As Harris points out in his talk, superintelligence not only presents a behemoth challenge for the best minds on Earth this century, but we have no idea how long it might take to solve the problems specified above, assuming that they're soluble at all. It could take only 2 more years of AI research, or require the next 378 years during which billions of work hours are spent ruminating this issue.
This is troublesome because according to a recent survey of AI experts, there's a very good chance superintelligence will join us by 2075, and 10 percent of respondents claimed that it could arrive by 2022. So, superintelligence could show up before we've had enough time to solve the "control problem." But even if it looms in the far future, it's not too early to start thinking about these issues—or spreading the word through popular media.

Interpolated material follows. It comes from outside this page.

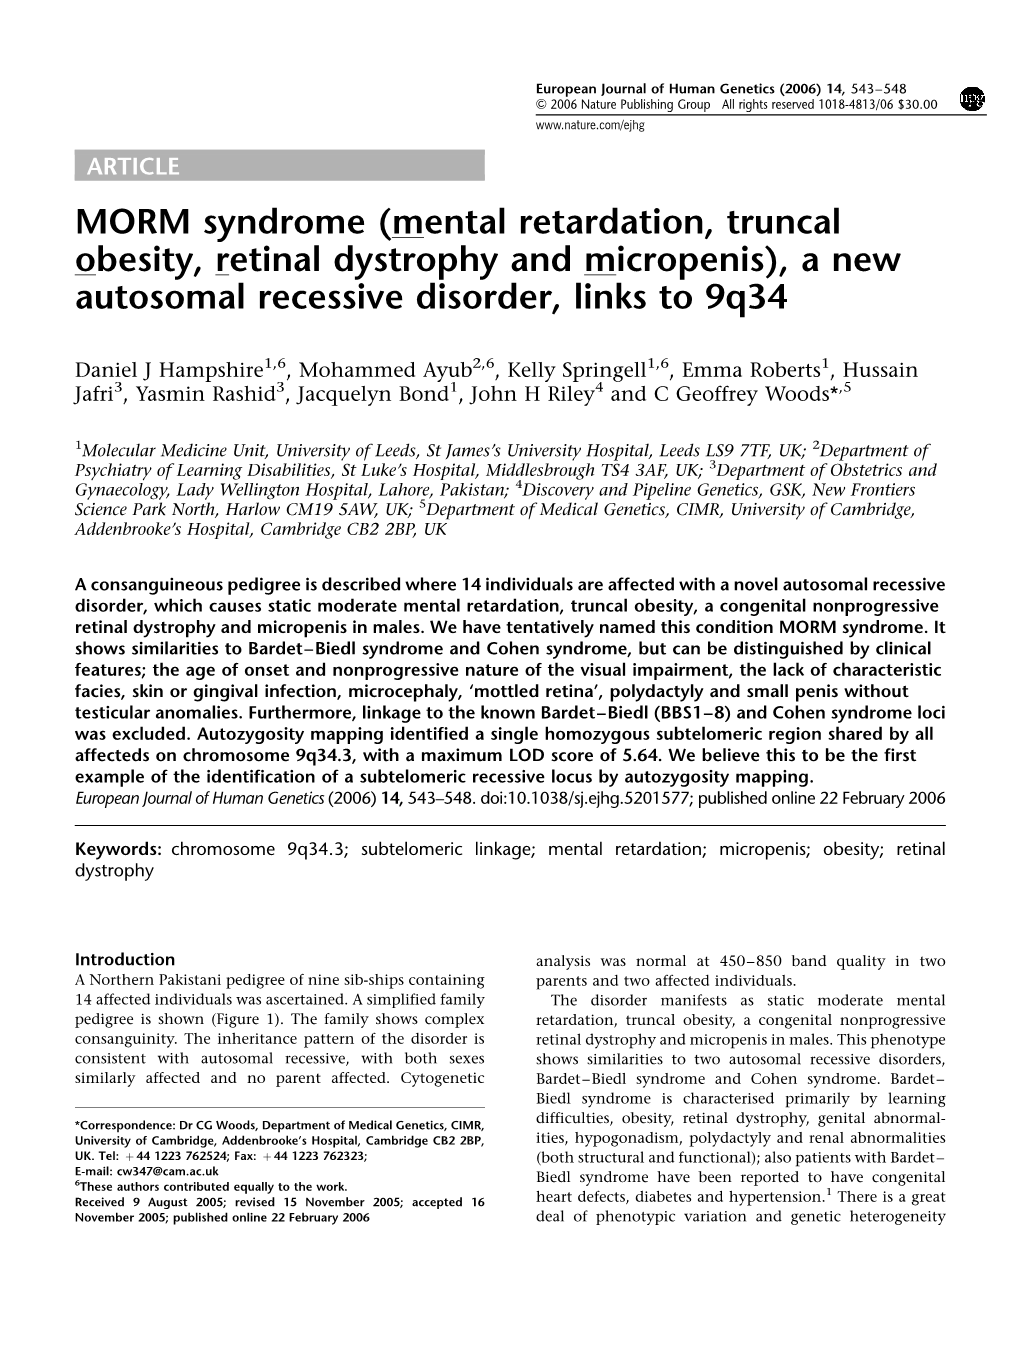 MORM Syndrome (Mental Retardation, Truncal Obesity, Retinal Dystrophy and Micropenis), a New Autosomal Recessive Disorder, Links to 9Q34

The fact is that once the AI exceeds human-level intelligence, it could be permanently out of our control. Thus, we may have only a single chance to get everything right. If the first superintelligence is motivated by values even slightly incompatible with ours, the game would be over, and humanity will have lost. Perhaps truth is stranger than science fiction.
Author's Note: Thanks to Daniel Kokotajlo for helpful comments on an earlier draft.